* _ACTIVITY_
Set down the full listing below word for word; pictures stay out of the copy.

* _PROVIDED DATA_
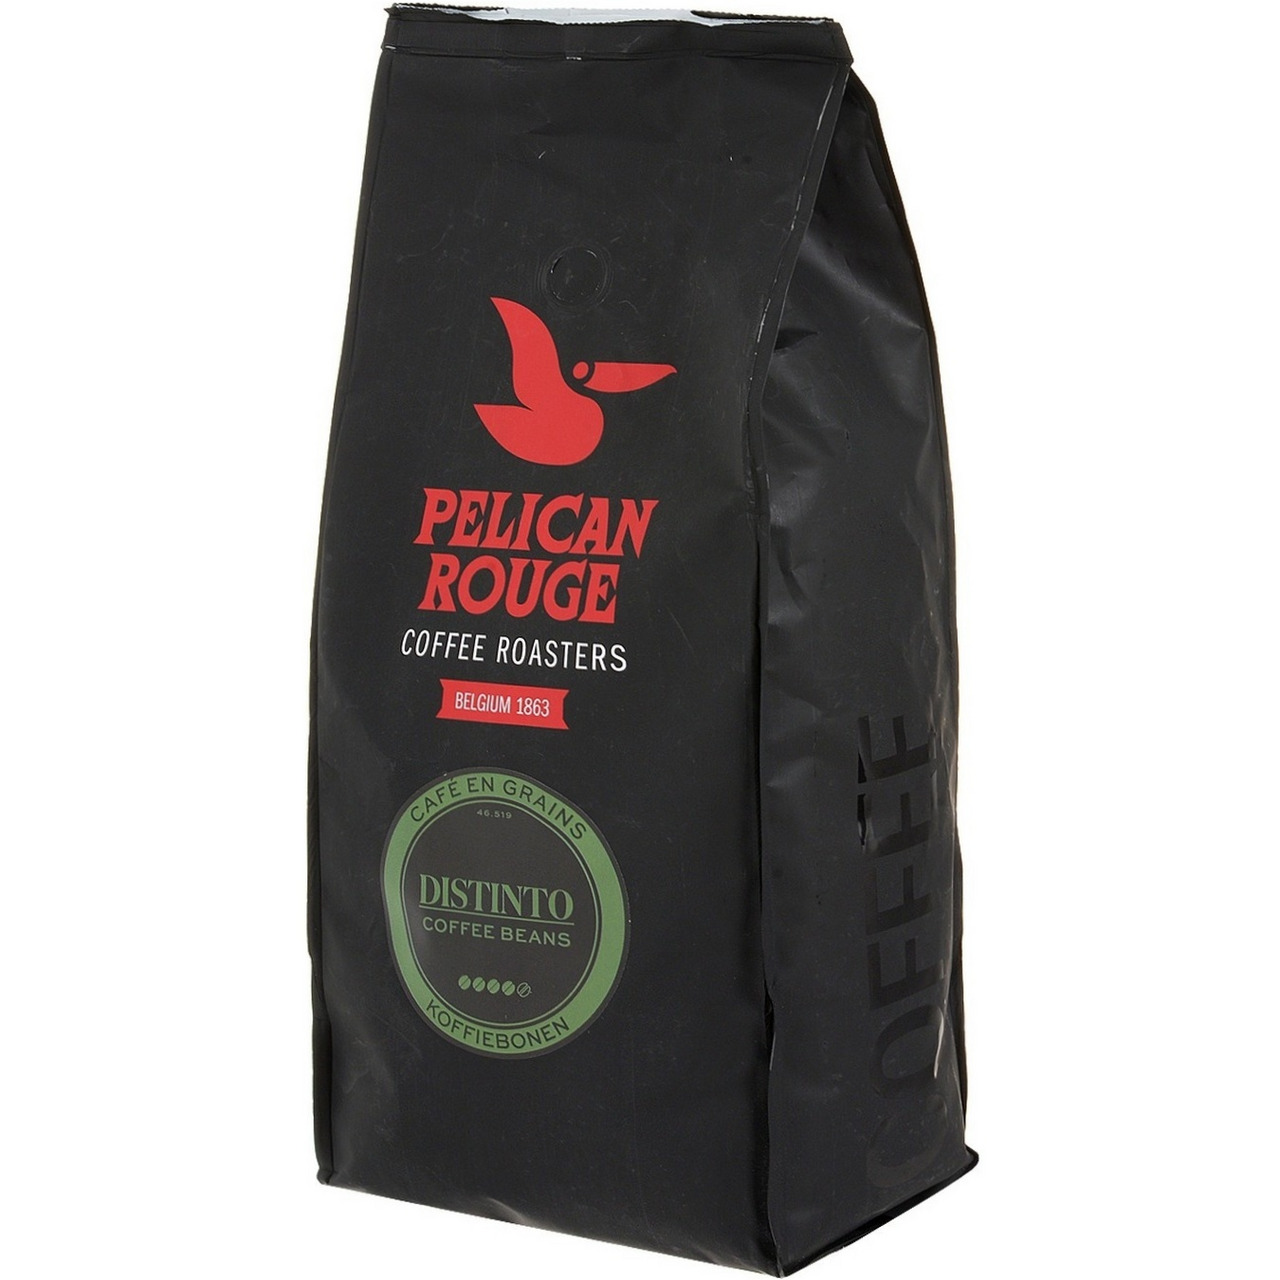 Кофе 1 кг купить недорого. Pelican rouge кофе в зернах. Кофе в зернах Pelican rouge distinto. Кофе в зернах Pelican rouge "distinto" 1 кг. Кофе в зернах Pelican rouge Orfeo.
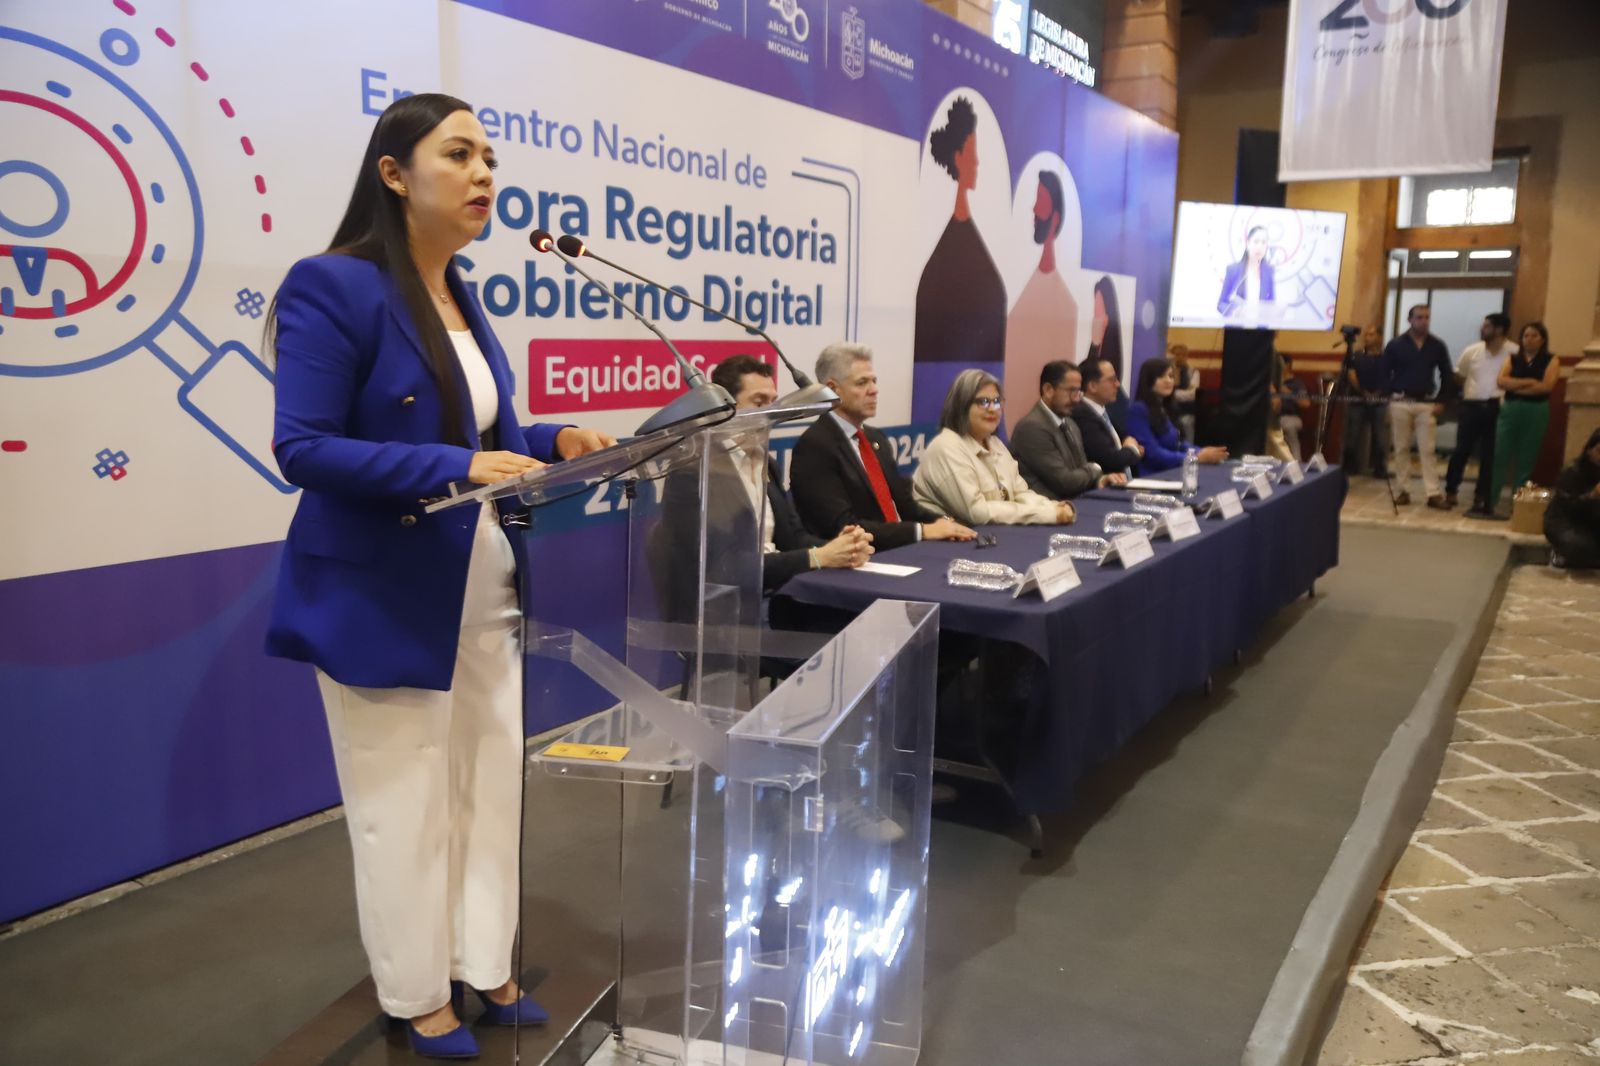 Mejora regulatoria y tecnologías digitales, binomio que garantiza un Estado eficaz y equitativo en México: 75 Legislatura
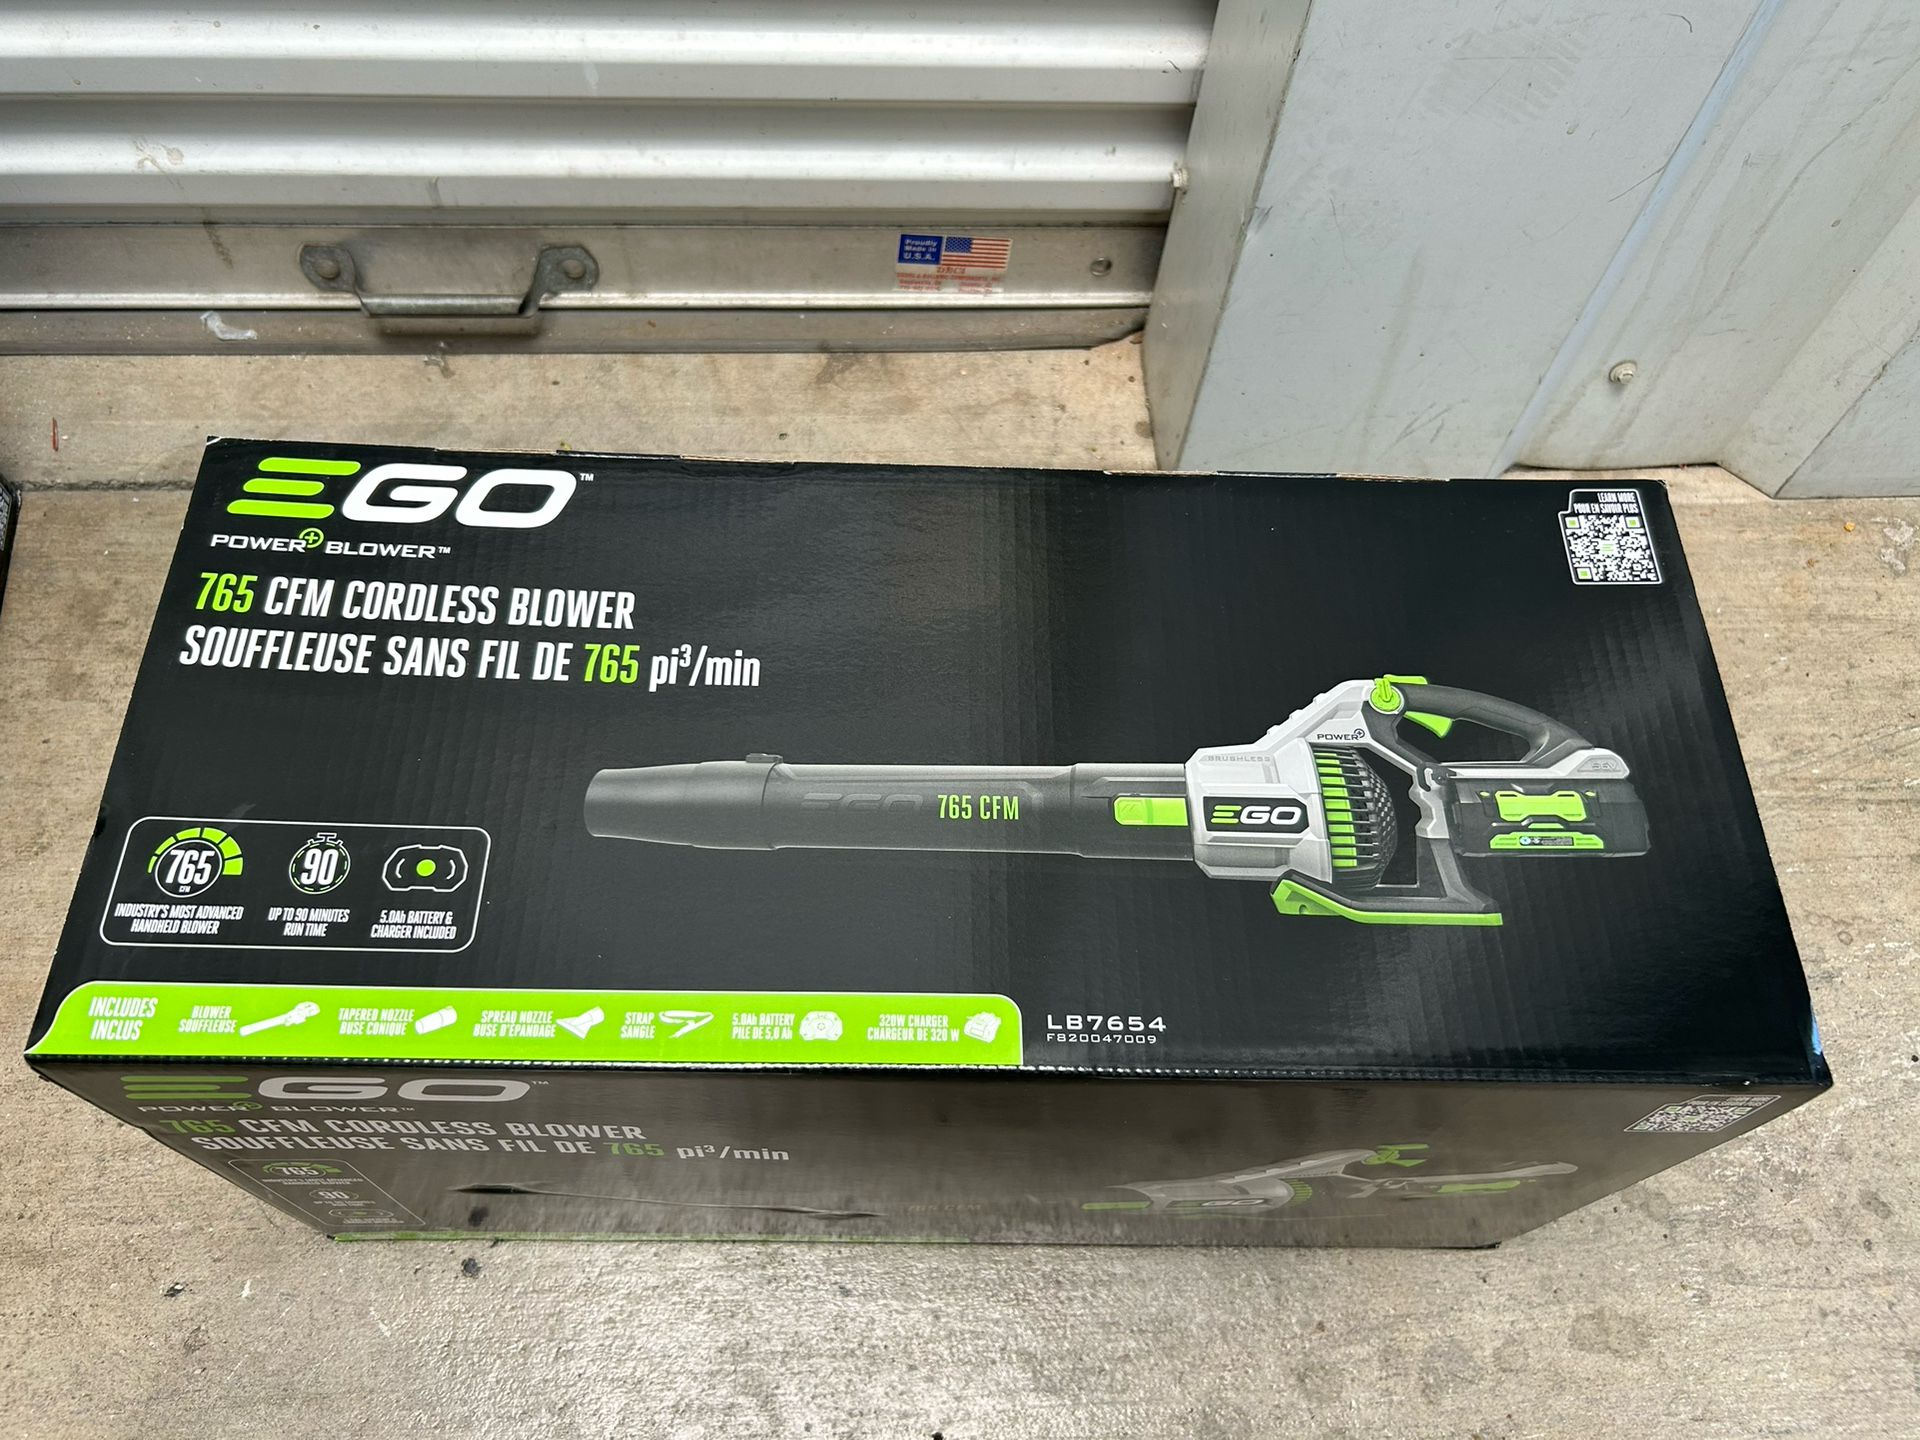 EGO leaf blower

* _WRITTEN SOLUTION_
 Кофе 1 кг купить недорого. Pelican rouge кофе в зернах. Кофе в зернах Pelican rouge distinto. Кофе в зернах Pelican rouge "distinto" 1 кг. Кофе в зернах Pelican rouge Orfeo.
 Mejora regulatoria y tecnologías digitales, binomio que garantiza un Estado eficaz y equitativo en México: 75 Legislatura
 EGO leaf blower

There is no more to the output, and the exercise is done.